-- EXERCISE BRIEF --
Taking the entries below, transcribe only the lines starting with the one with "Rail Balticu vastane" and going on through the one with "Female boss pin badge", exactly as written, without the pictures.

-- DATA --
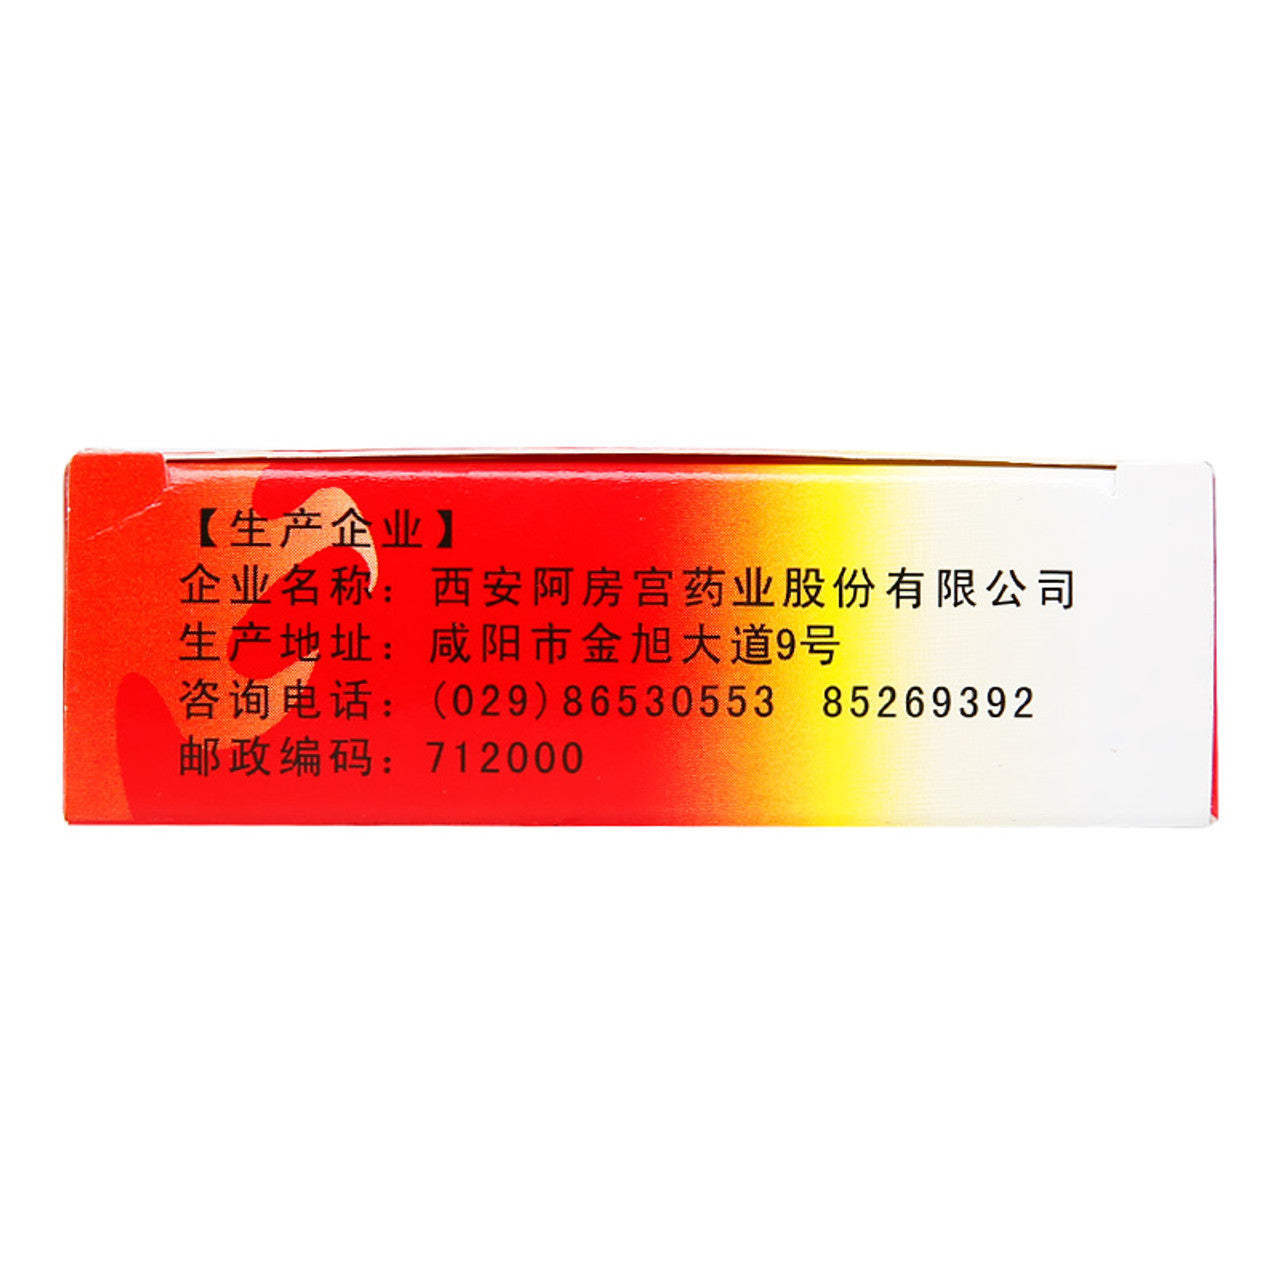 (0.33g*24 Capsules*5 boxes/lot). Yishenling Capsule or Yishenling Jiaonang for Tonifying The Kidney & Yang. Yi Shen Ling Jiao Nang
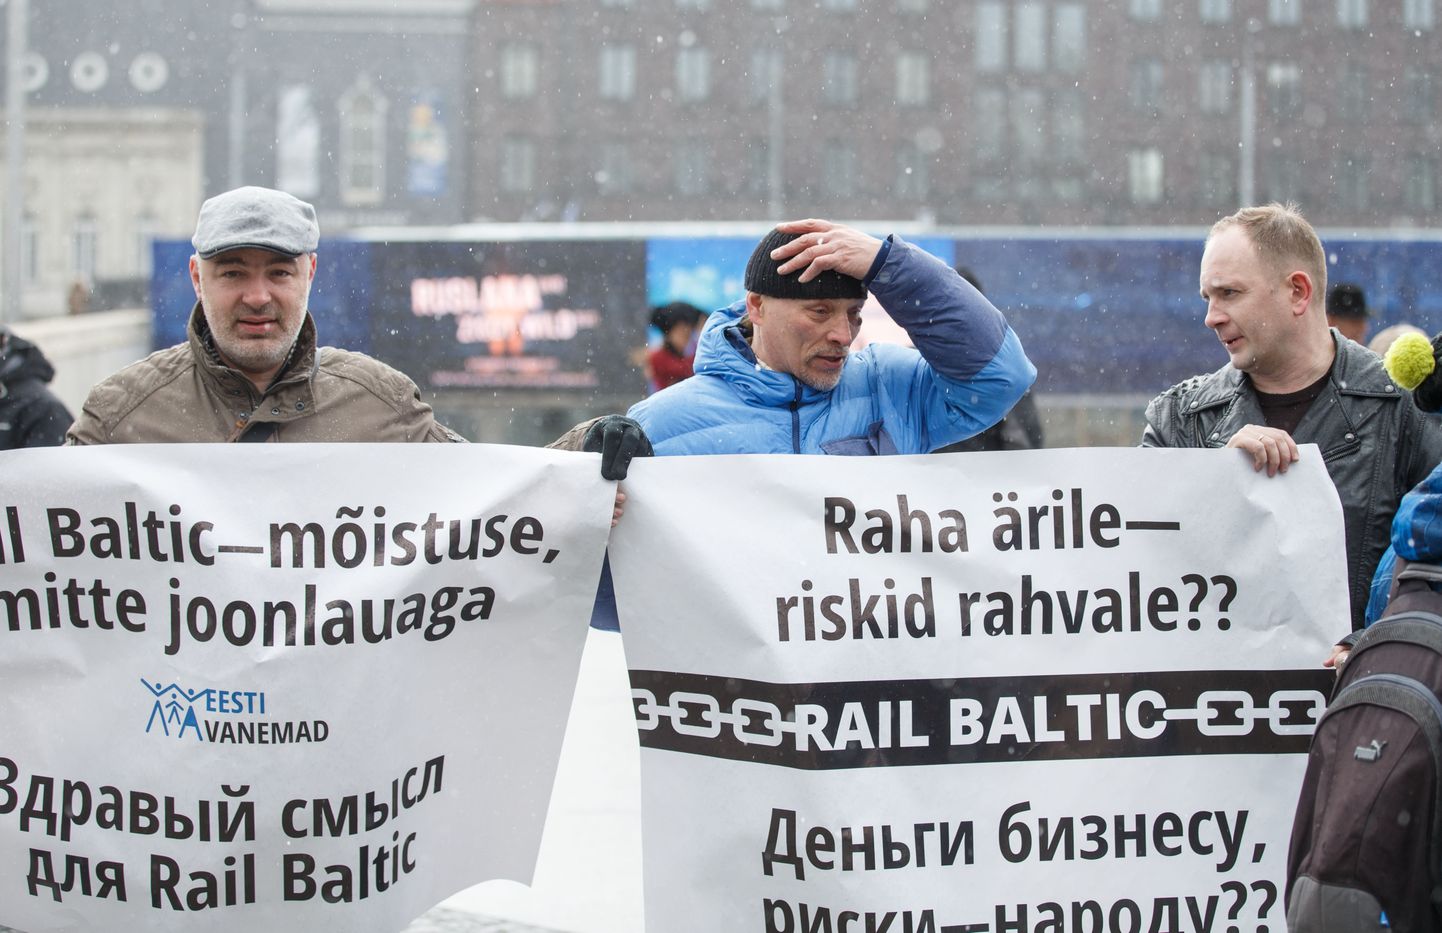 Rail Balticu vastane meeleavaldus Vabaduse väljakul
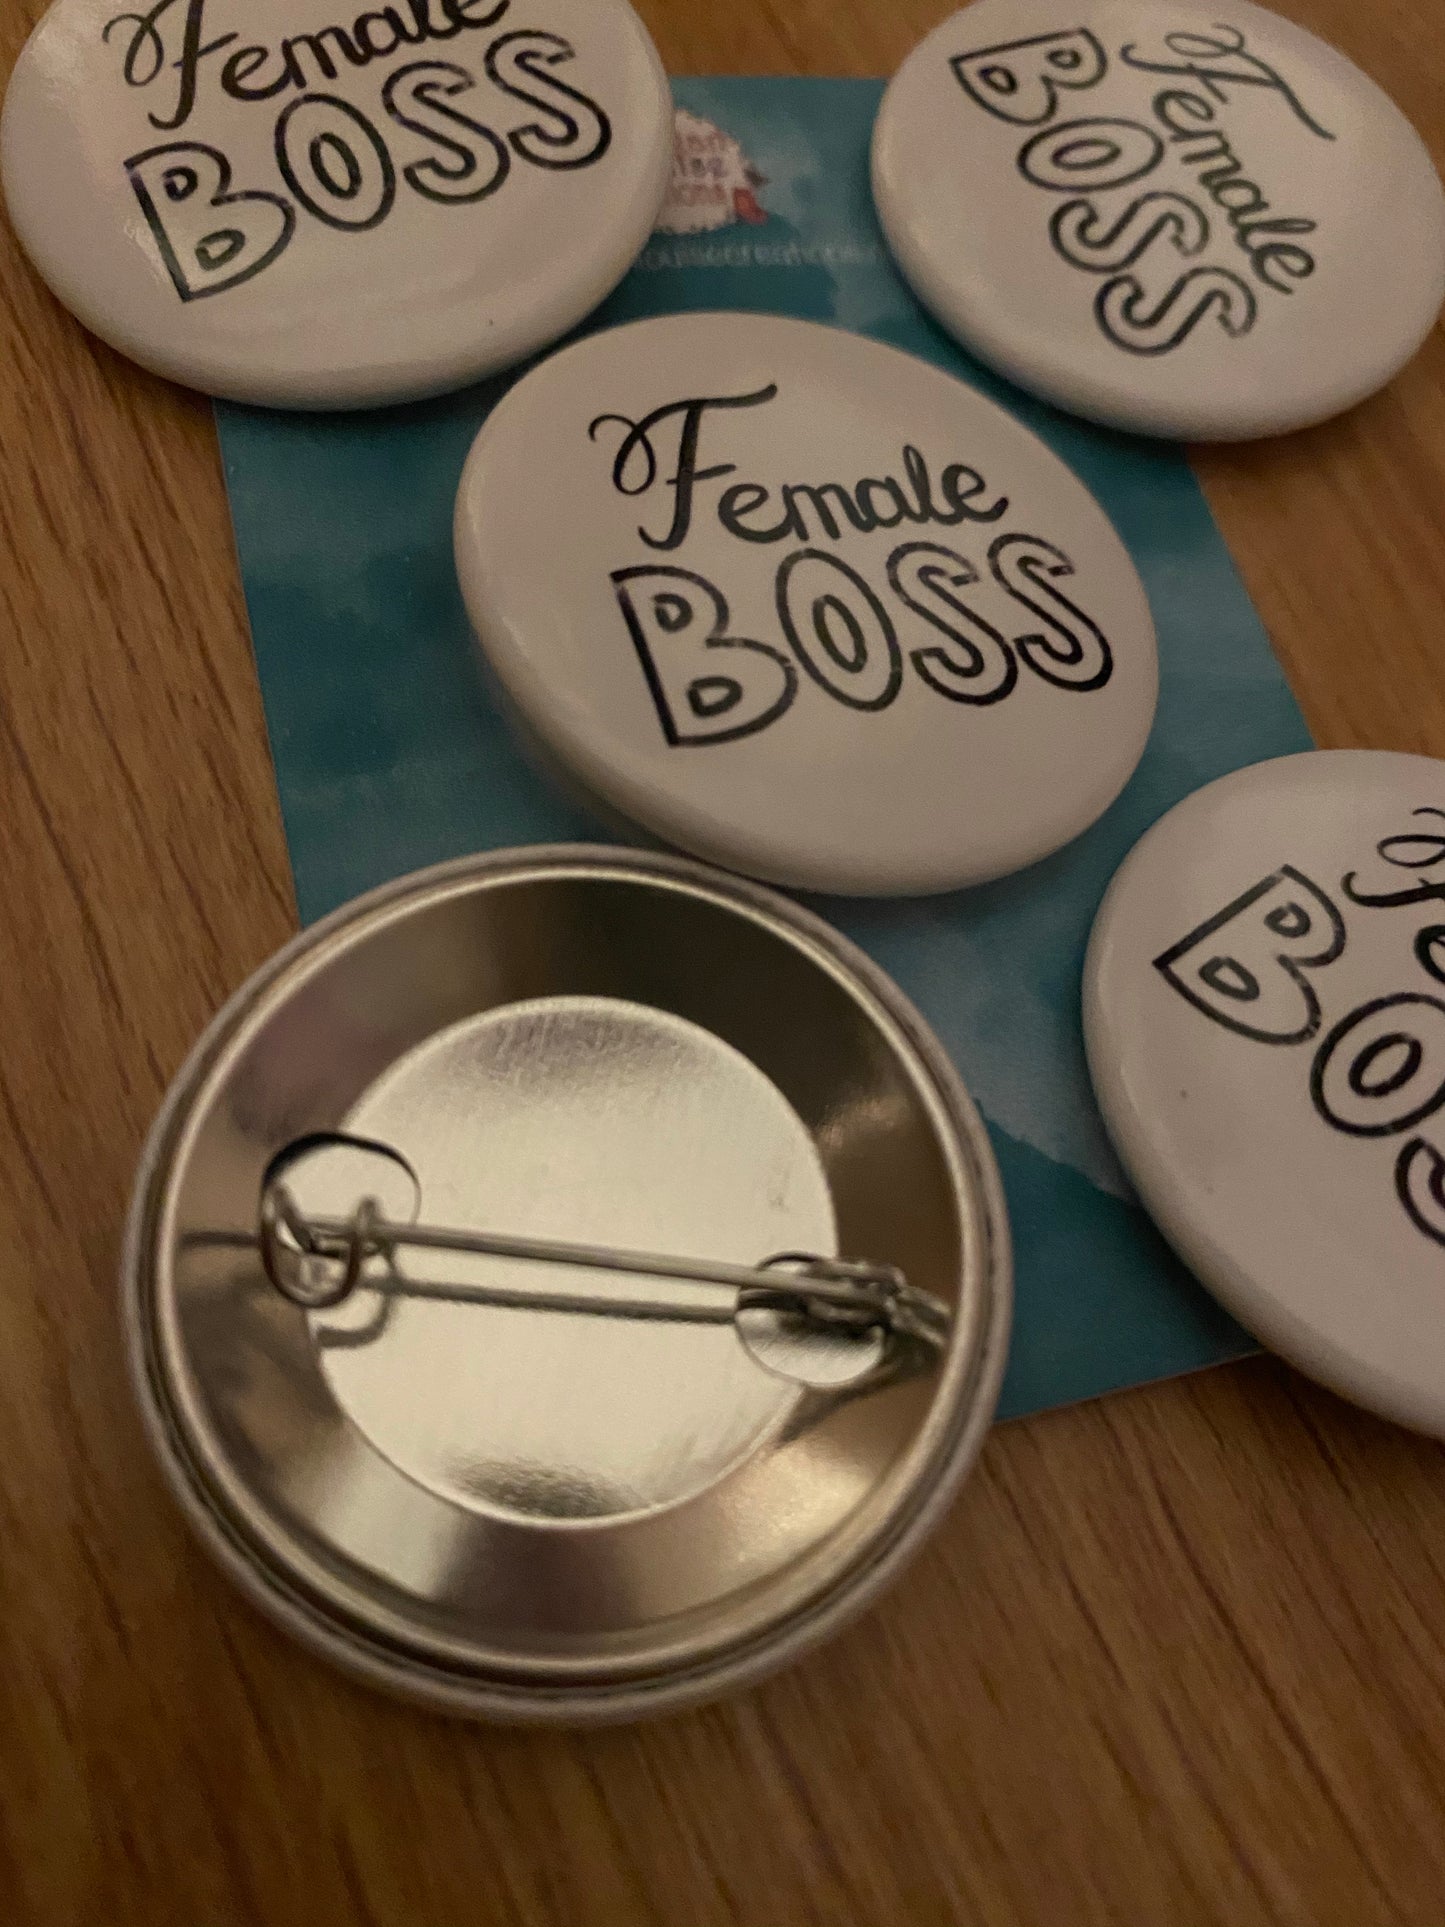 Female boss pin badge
---
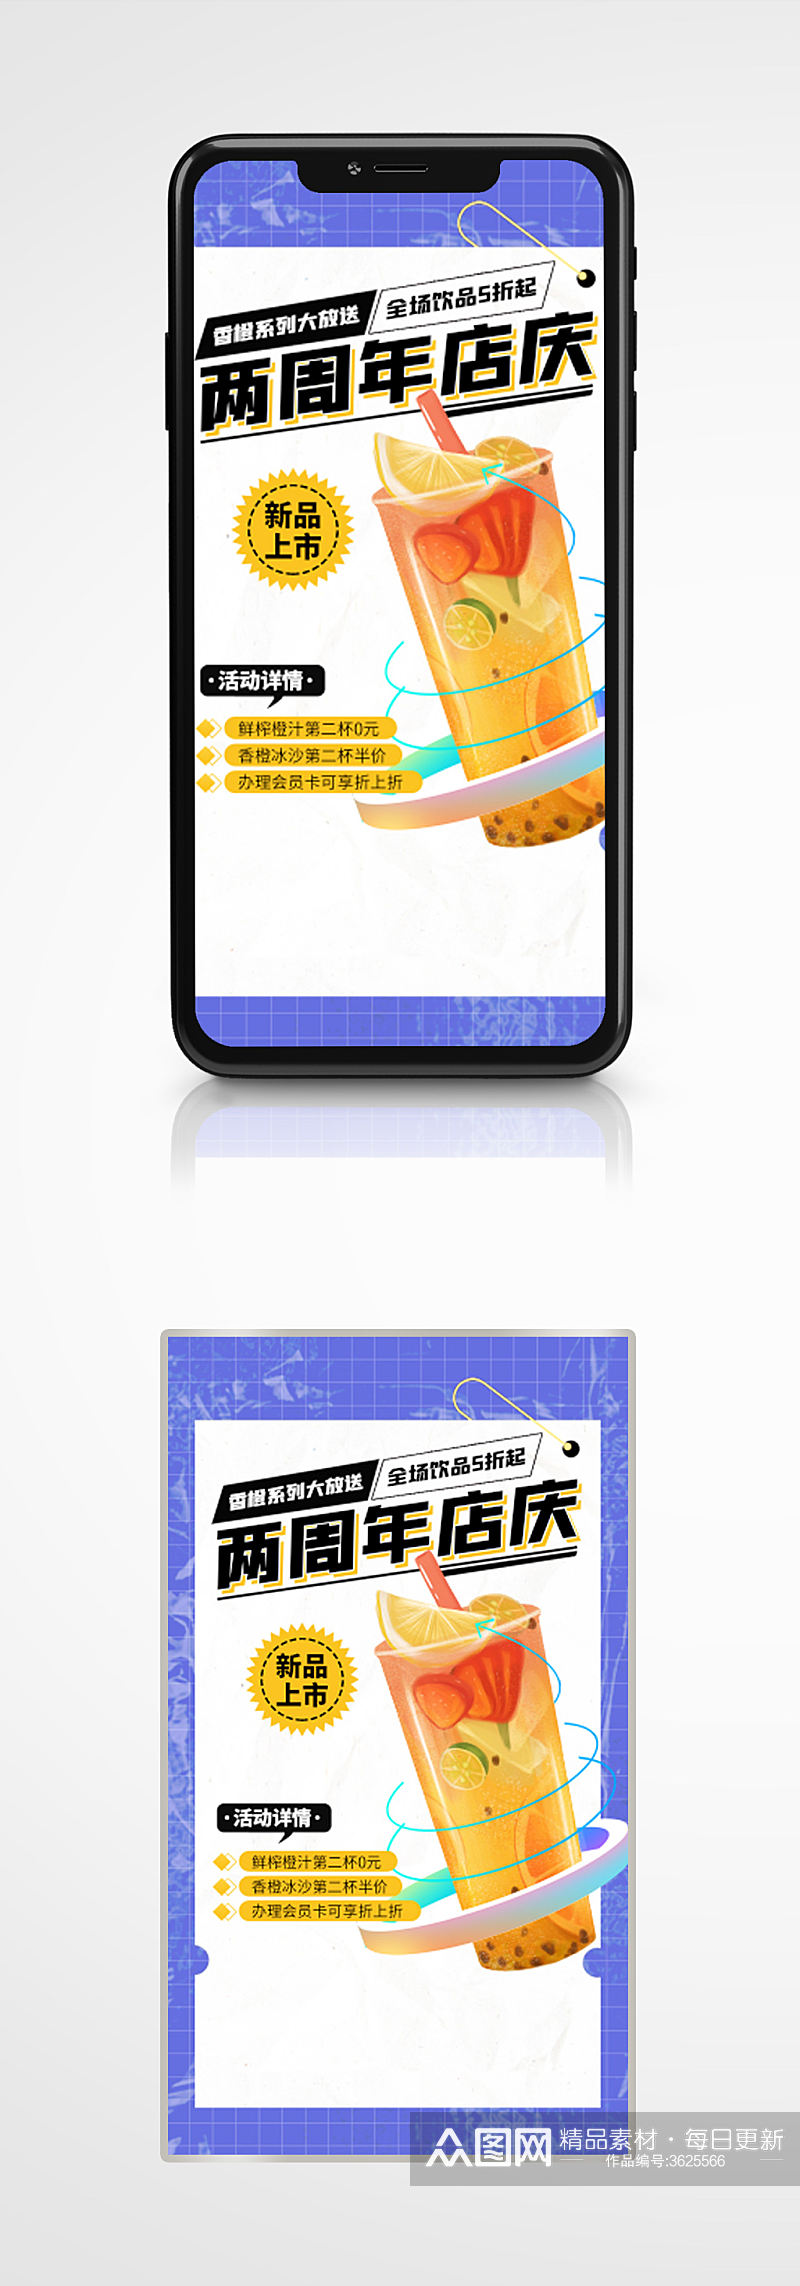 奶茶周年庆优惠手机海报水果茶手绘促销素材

-- EXERCISE OUTPUT --
 Rail Balticu vastane meeleavaldus Vabaduse väljakul
 Female boss pin badge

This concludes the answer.